Scott Wine Polaris Industries Inc.
Total compensation: $2,930,402 for the year ended Dec. 31
Nonequity incentive pay: $1,856,558
Other compensation: $88,844
Exercised stock options: $0
Value realized on vesting shares: $0
New stock options: 245,218
CEO pay ratio: 199:1
Median employee pay: $44,328
Total 2017 shareholder return: 54.2 percent
Note: Wine took home $2.7 million less in 2017; he made $5.6 million in 2016. Sales at the maker of ATVs, motorcycles and snowmobiles rose 20.2 percent to $5.4 billion, but the company's net income decreased 19.2 percent to $172.5 million, and net income per diluted share sank 17.1 percent to $2.69 per share.
In the previous two years, Wine did not earn annual cash incentive bonuses but did so this year. The bonus was based on 75 percent of adjusted earnings per share and 25 percent on inventory levels.

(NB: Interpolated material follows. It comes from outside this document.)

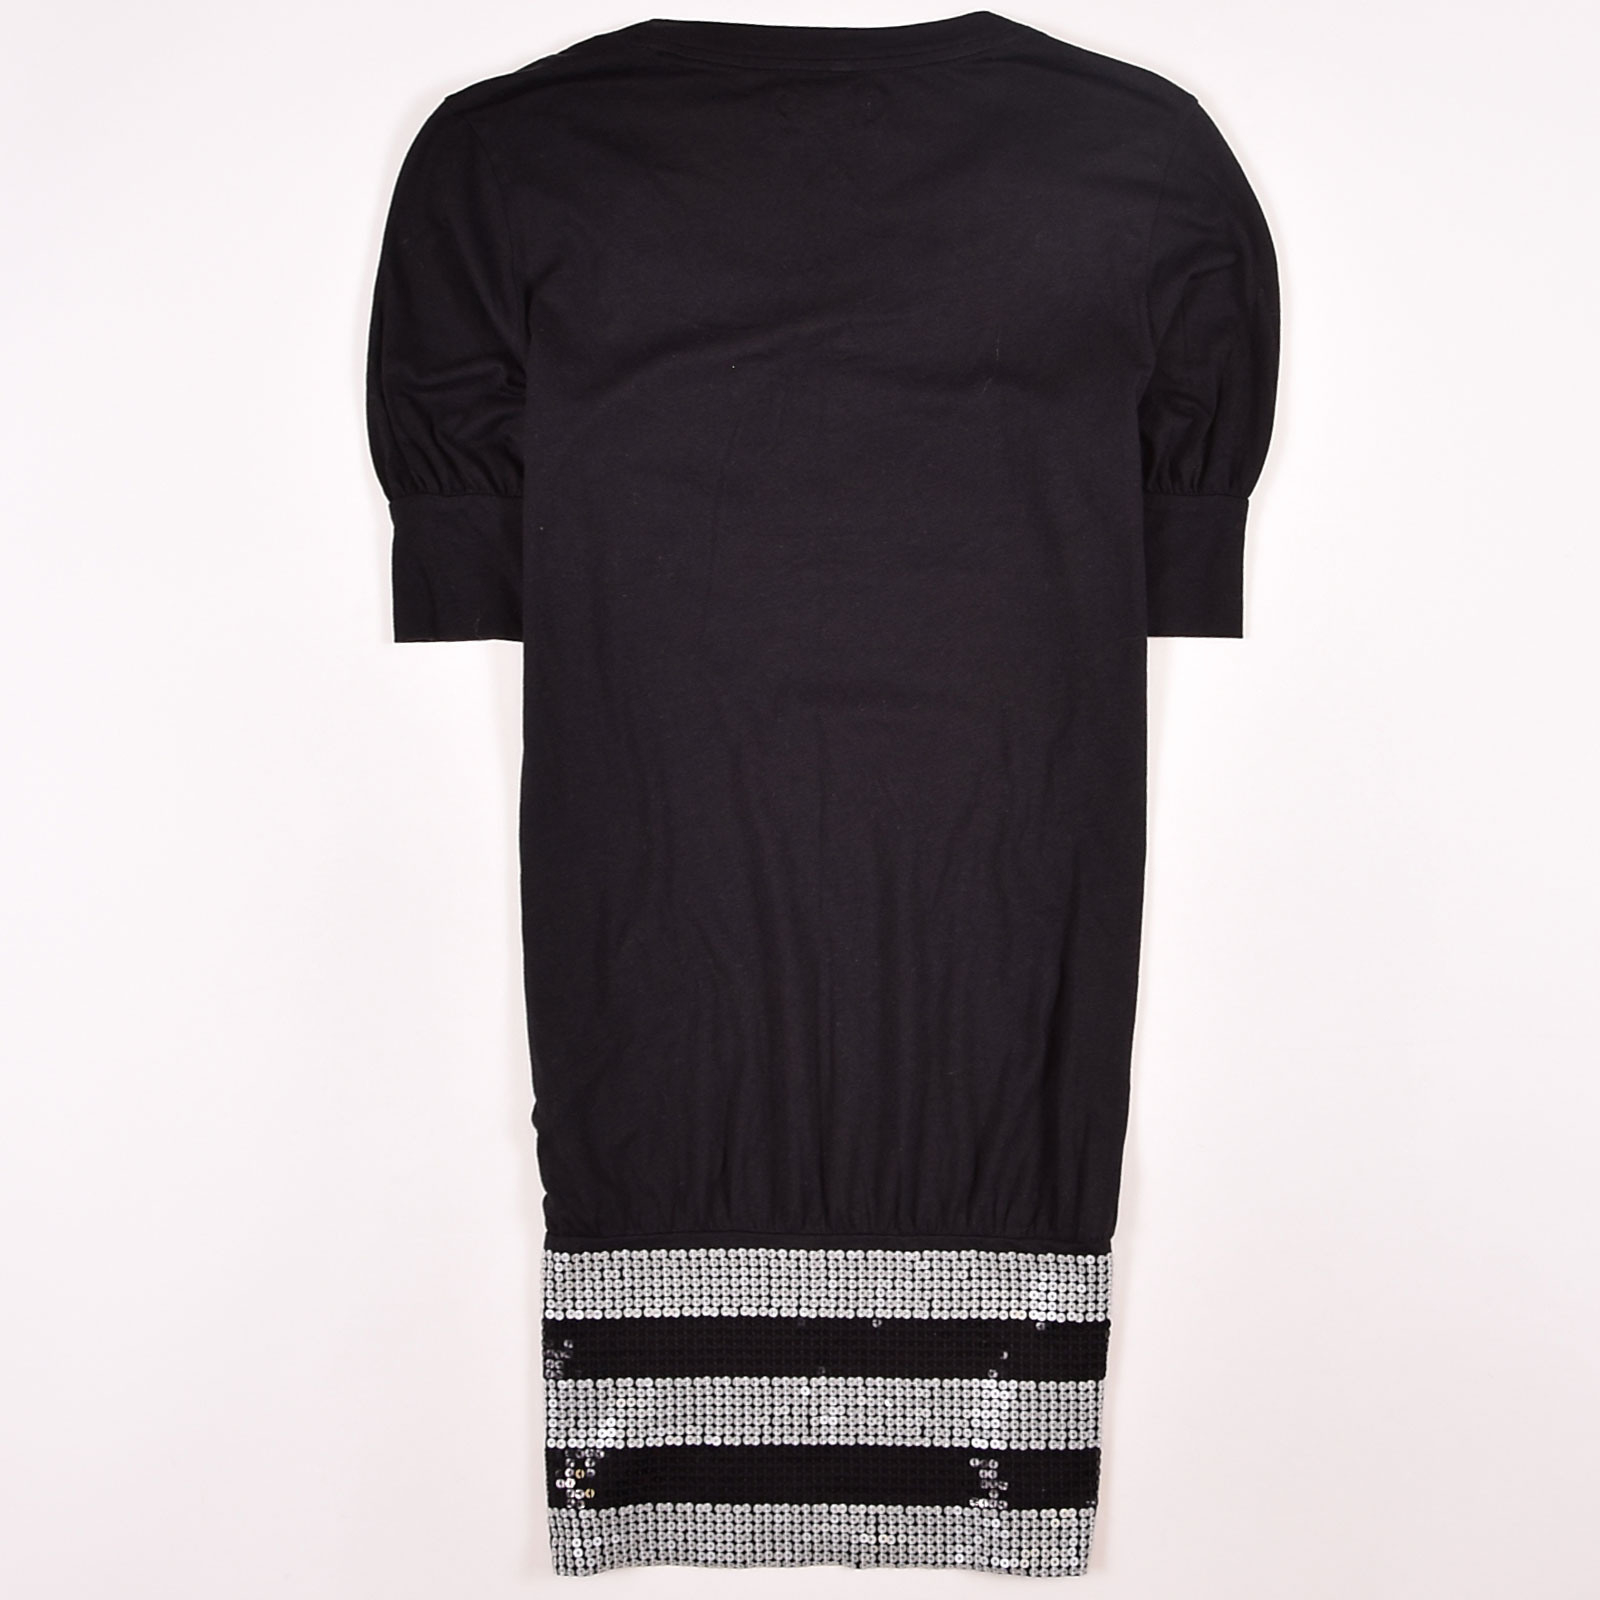 Adidas Damen Kleid Dress Gr32 Schwarz 96167  Ebay

In 2017, the target for adjusted EPS was $4.50 per share
Despite a decline in net income, the adjusted EPS rose to $5.09 as compared to adjusted EPS of $3.48 in 2016. The company made adjustments to earnings to reflect the wind down of its Victory motorcycle business as it goes all in on its Indian brand and other adjustments for acquisition and integrations costs and the impacts of U.S. tax reform.
Shareholders gave a relatively low approval of the company's executive compensation program last year, 81.1 percent of shares in favor, which helped to kick off a shareholder outreach program to explain more fully corporate governance and executive compensation.
In 2016 the company was hit hard by product recalls, but Wine took home more without an annual incentive bonus because he realized about $4.5 million from previously issued long-term equity awards, including $3.4 million from stock option exercises that year. In 2017, he realized nothing from long-term equity awards.
The CEO pay ratio is calculated based on Wine's total in the summary compensation table, $8.8 million, which includes grant date value of long-term equity awards.